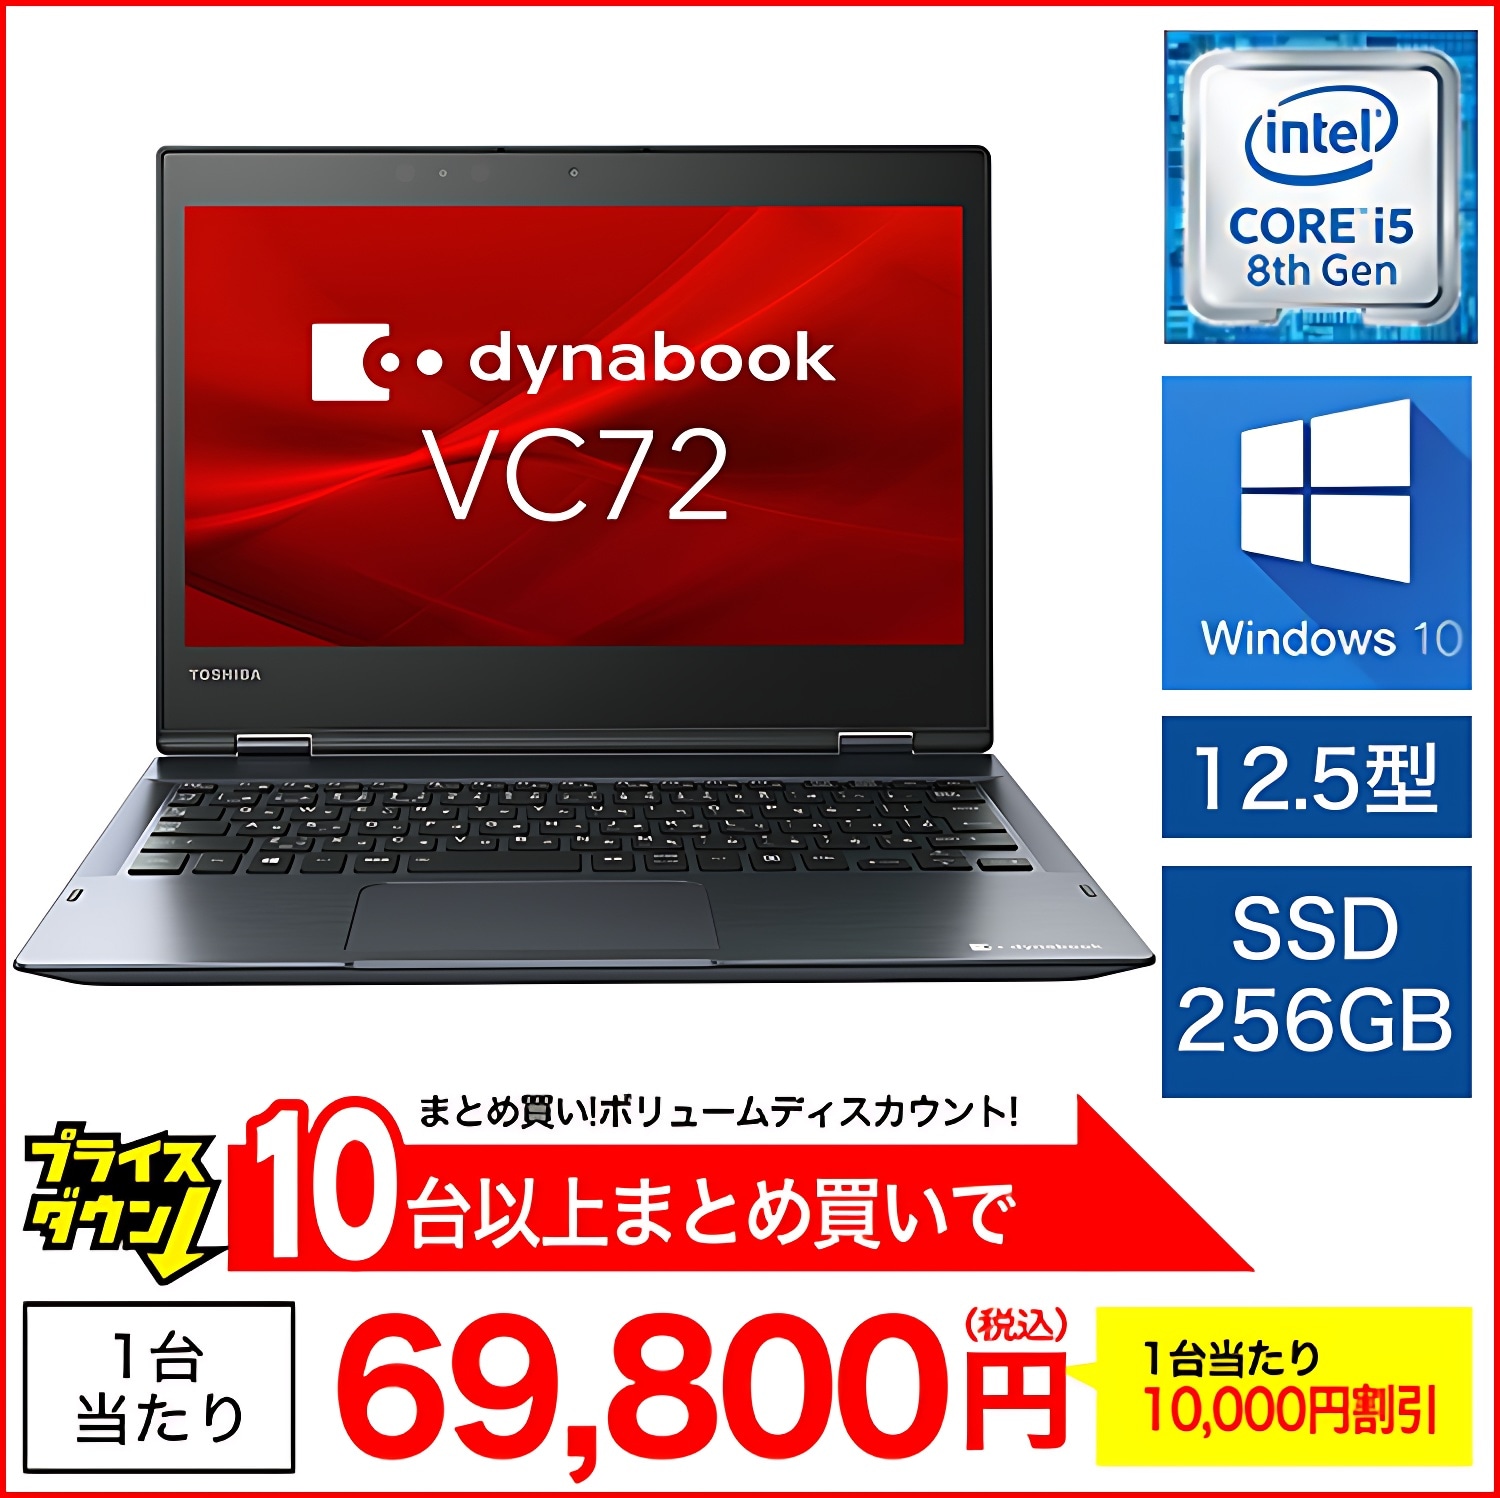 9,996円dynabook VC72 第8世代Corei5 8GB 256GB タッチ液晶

---

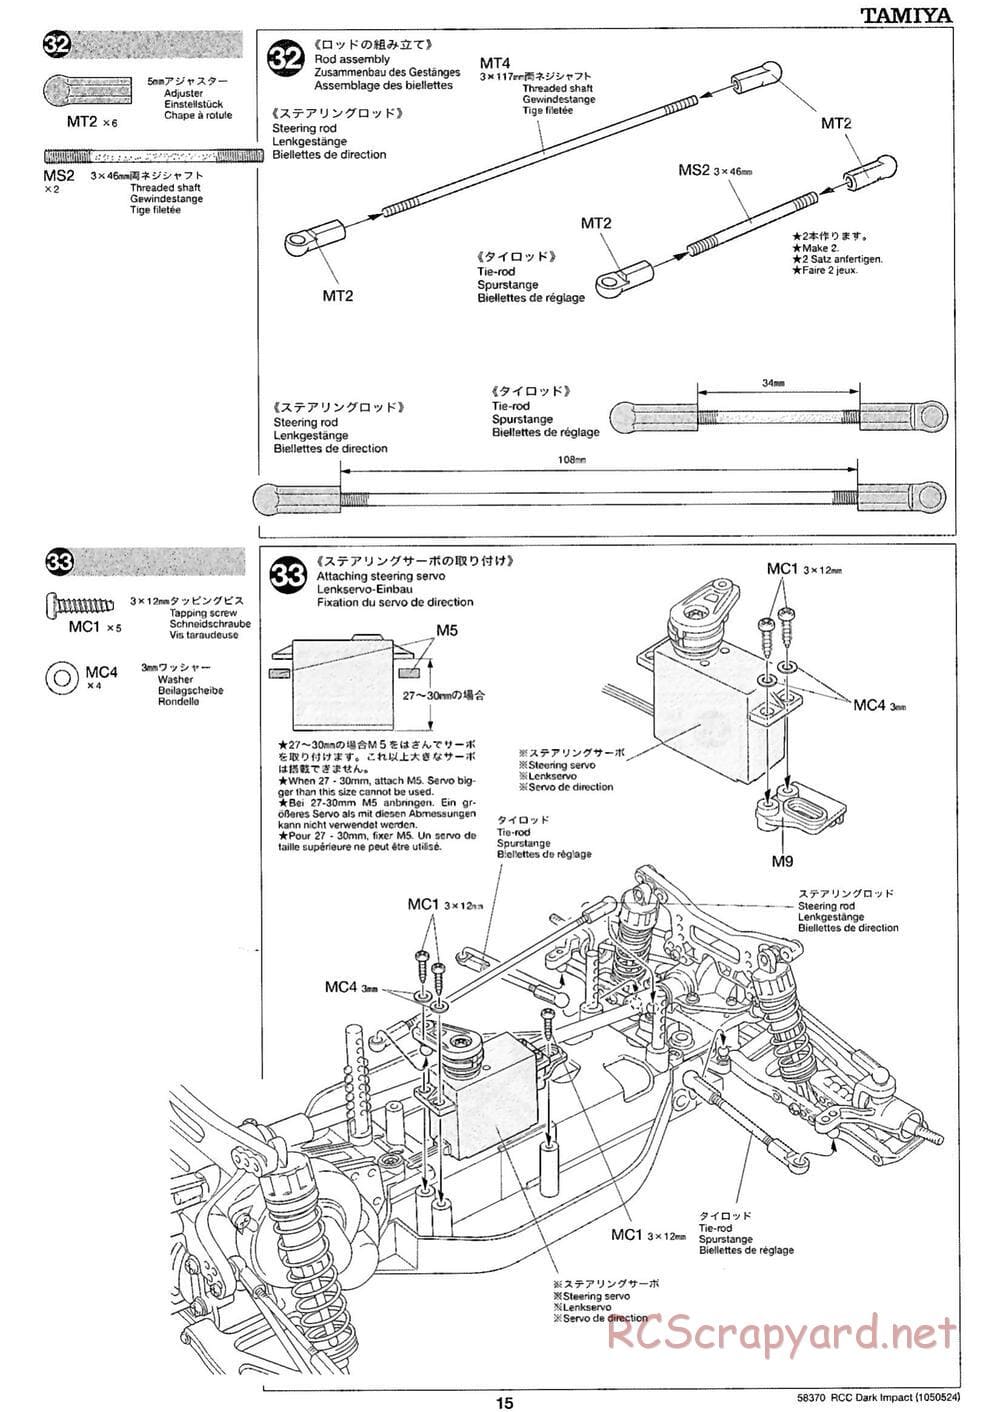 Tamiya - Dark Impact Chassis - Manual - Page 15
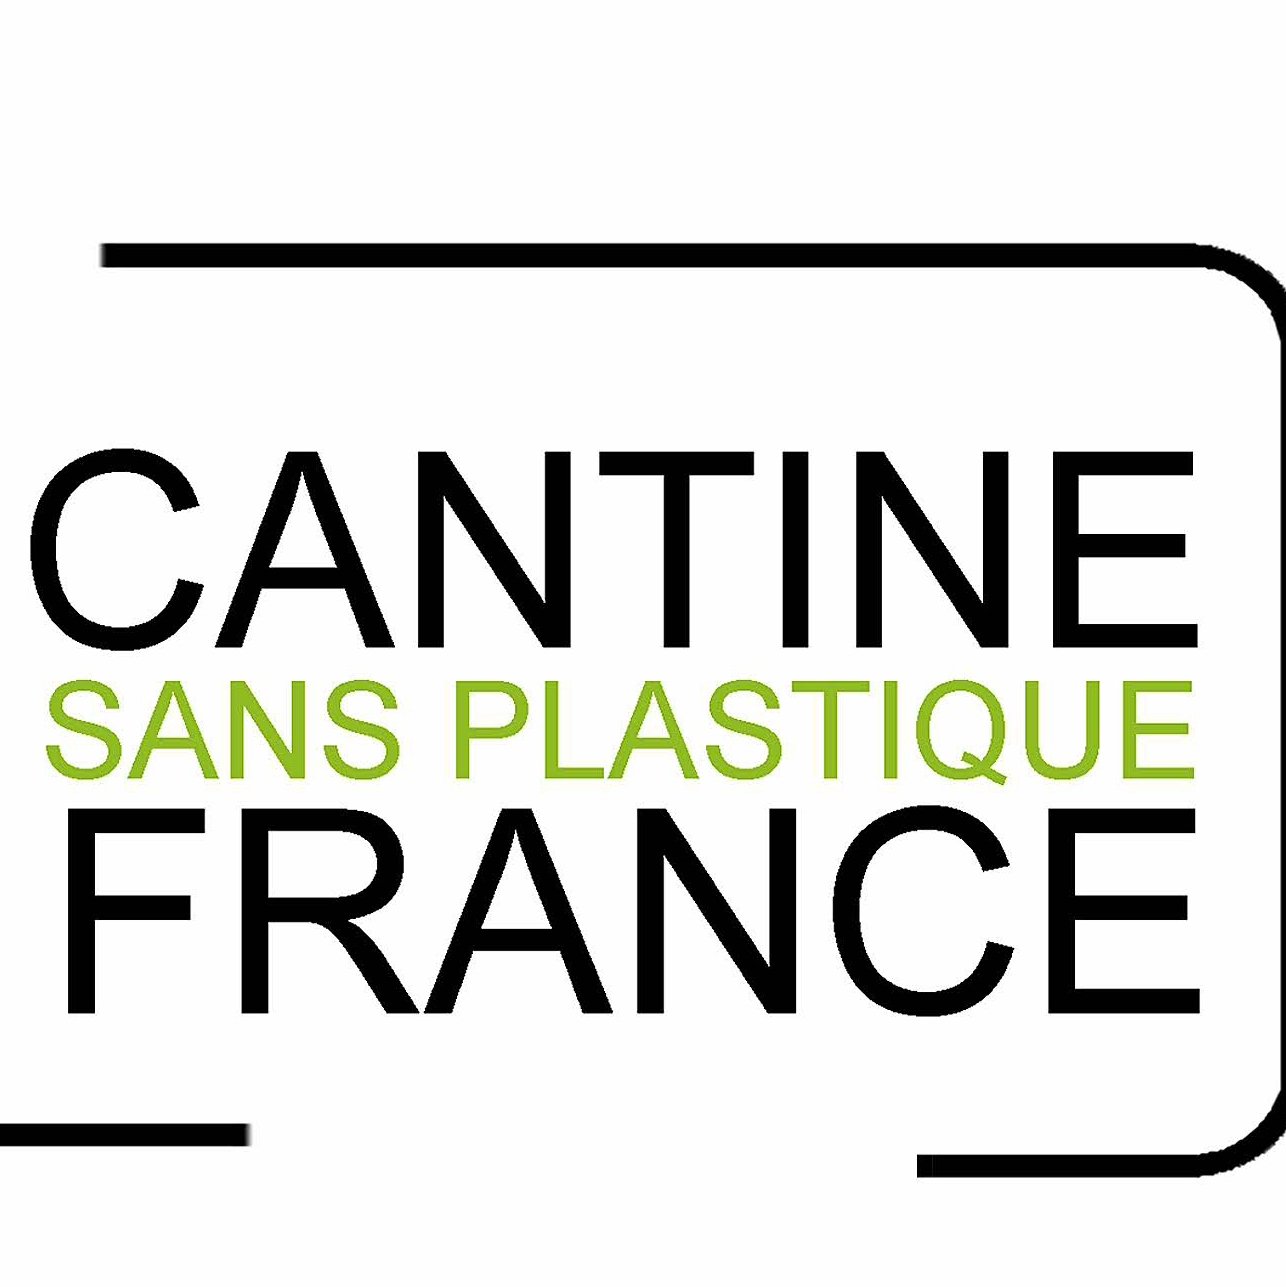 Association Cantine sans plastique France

--

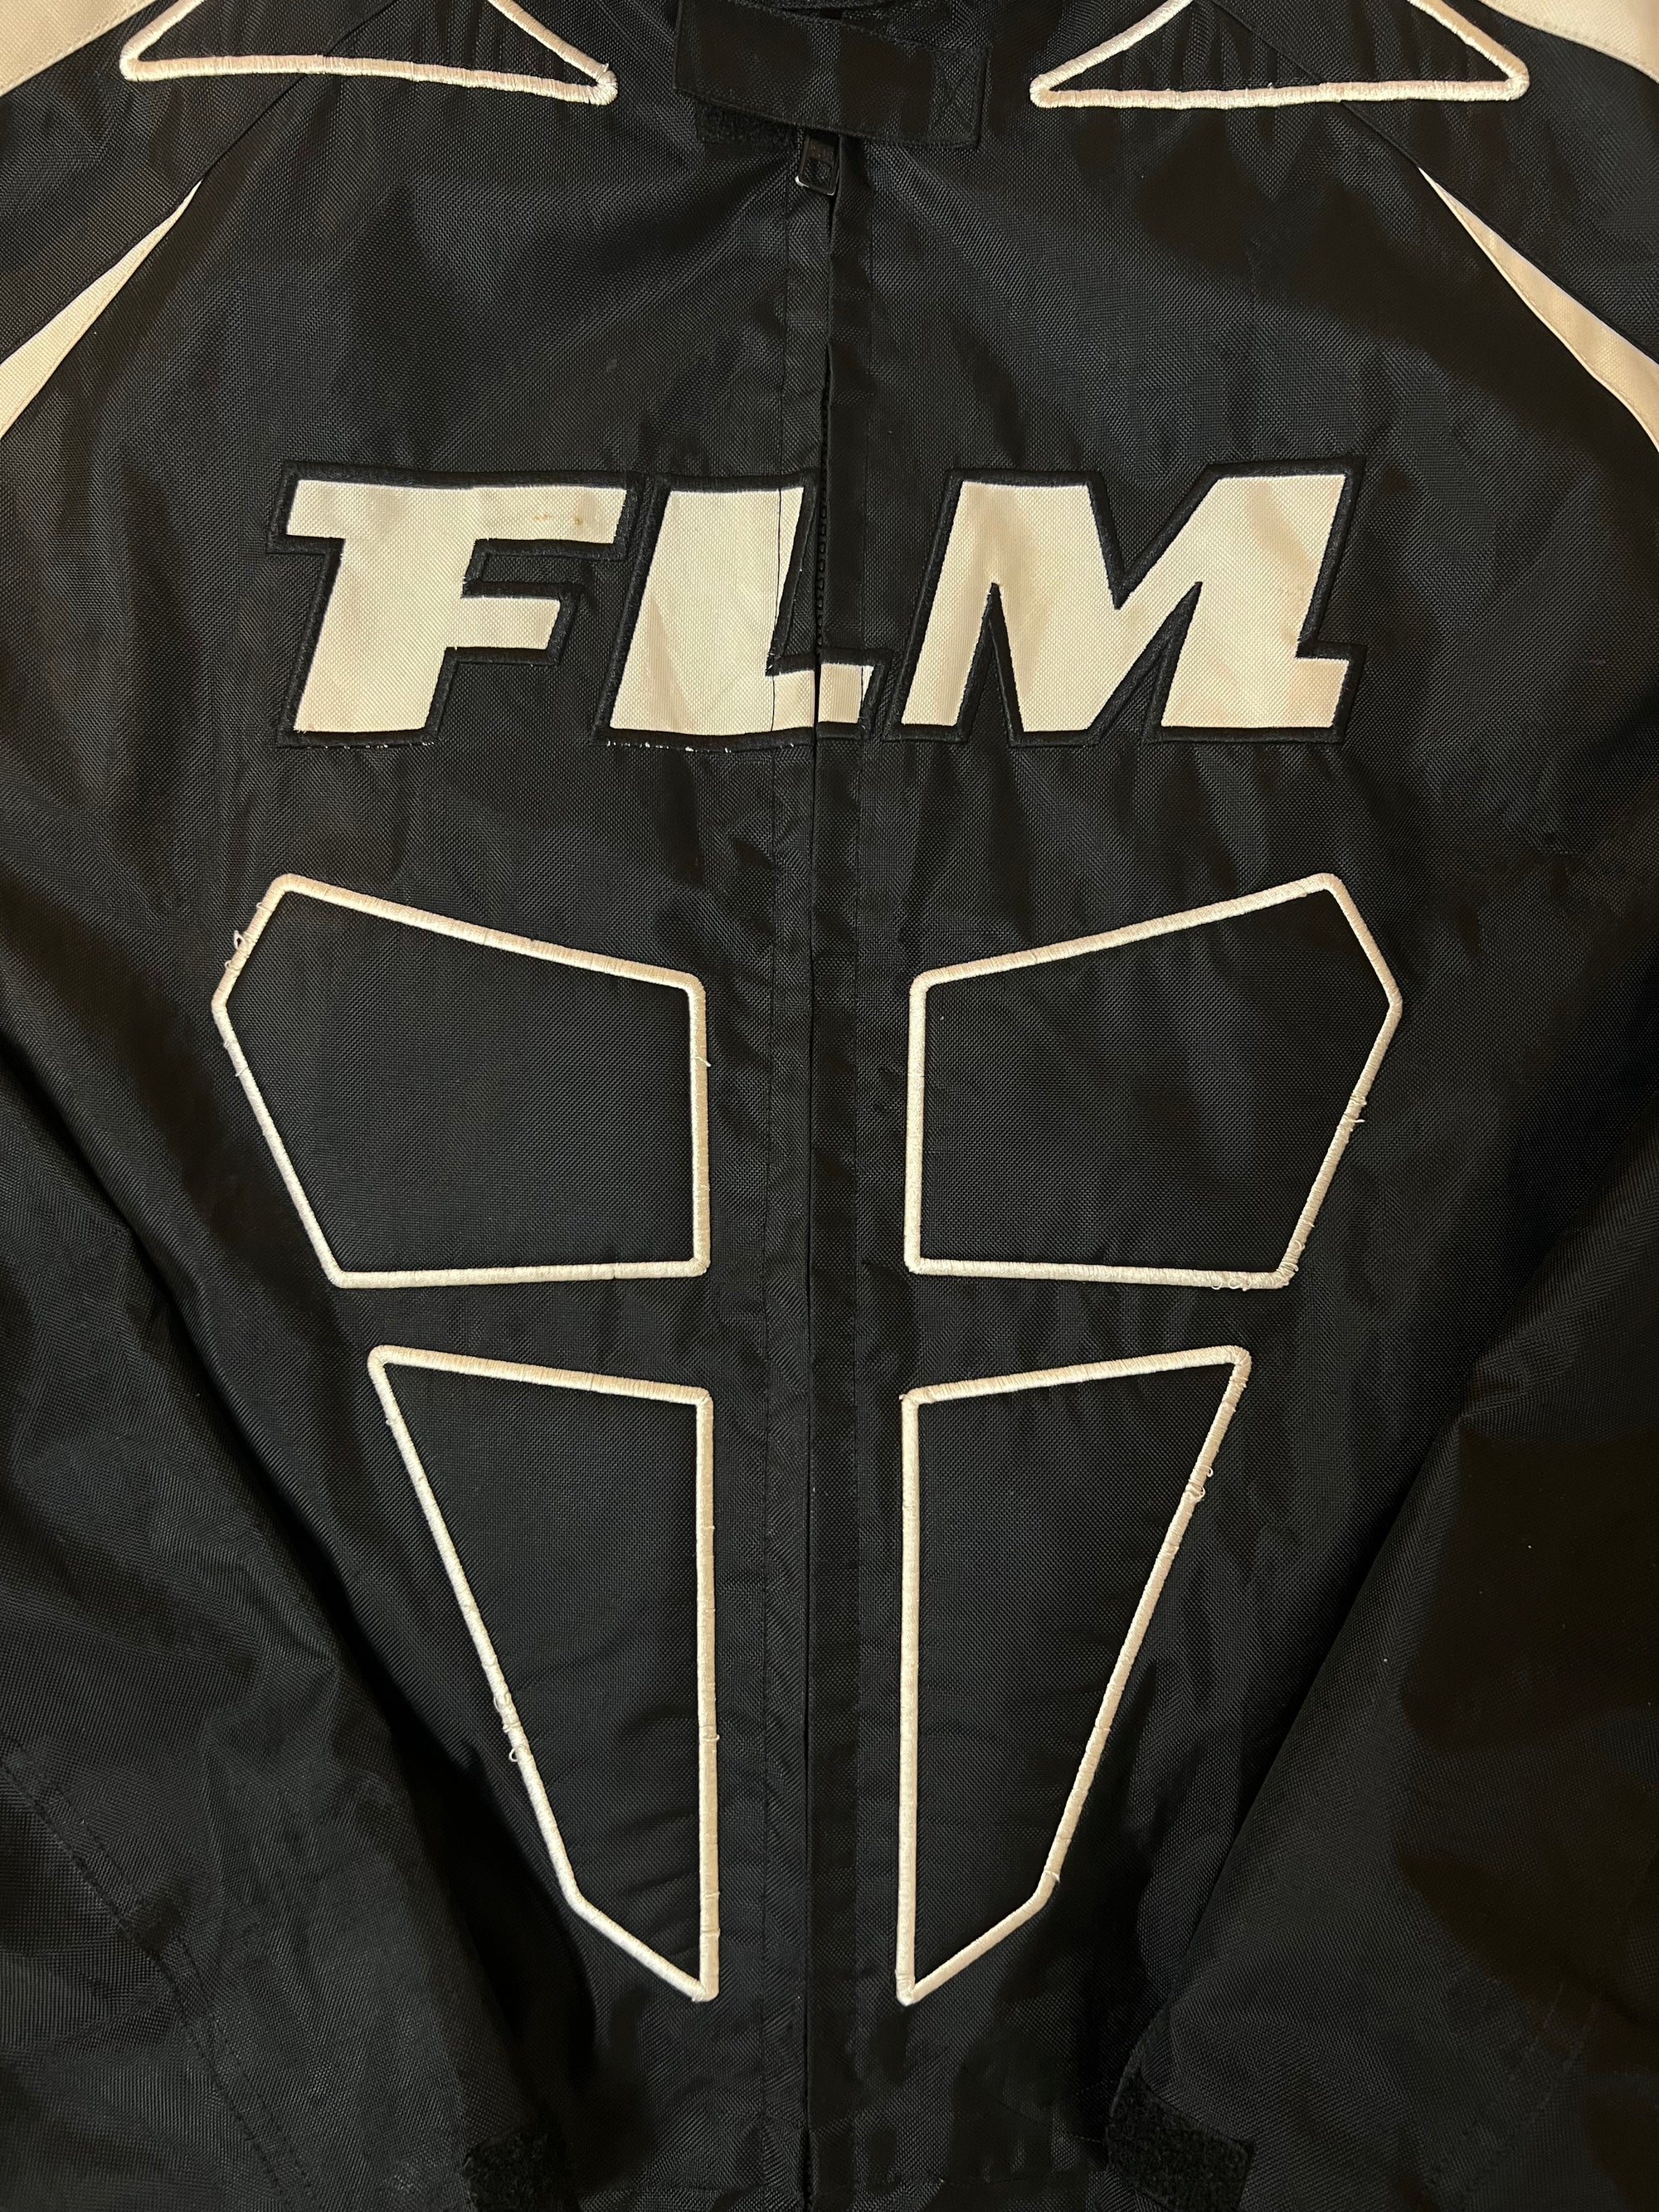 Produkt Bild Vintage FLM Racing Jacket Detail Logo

=== Task goal ===
An exact transcription is needed of the lines from the one with "Tamiya - Dark" to the one with "Association Cantine sans plastique France" above, both ends included, with pictures left out.

=== Output for this task ===
 Tamiya - Dark Impact Chassis - Manual - Page 15
 Association Cantine sans plastique France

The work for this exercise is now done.